Burkholderia: Molecular Microbiology and Genomics Chapter Abstracts
Chapter 1: Diversity and Role of Burkholderia spp.
Peter Vandamme, John Govan and John LiPuma
Abstract
The genus Burkholderia comprises more then 40 different species, which occupy a wide array of ecological niches. They occur in soil and water, in the plant rhizosphere and endophytically in roots and shoots, but also in and on fungal mycelia. A growing number of Burkholderia endosymbionts is reported in various animal species. Their biological and metabolic properties can be exploited for biocontrol, bioremediation and plant growth promotion purposes, but safety issues regarding human infections, especially in cystic fibrosis patients, have not been solved.

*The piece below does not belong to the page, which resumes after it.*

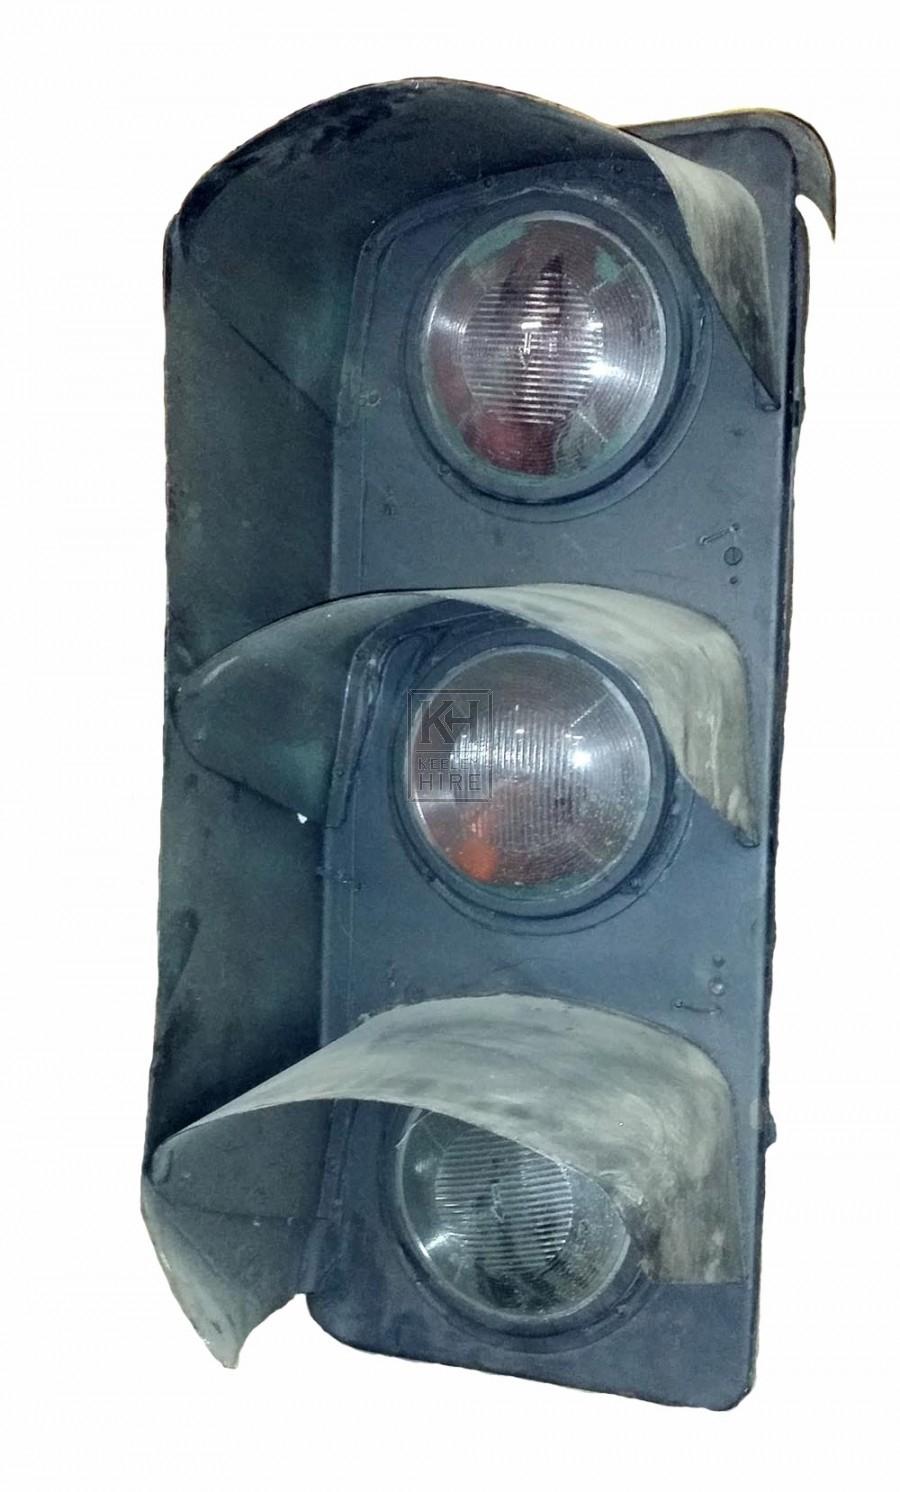 Large traffic lights

Traditionally, Burkholderia species are known as plant pathogens and soil bacteria with two important exceptions, Burkholderia mallei and Burkholderia pseudomallei, which are primary pathogens for humans and animals. Our present knowledge on the natural diversity of members of this genus indicates that the range of interactions between these bacteria and their hosts is more complex, diverse, and, often, contradictory. Their host range can vary dramatically, and the type of interaction may be that of a pathogen; it can also be beneficial or may be host dependent. The present chapter documents this taxonomic and ecological complexity, the role of Burkholderia species in infections, and tools for the detection and identification of these bacteria.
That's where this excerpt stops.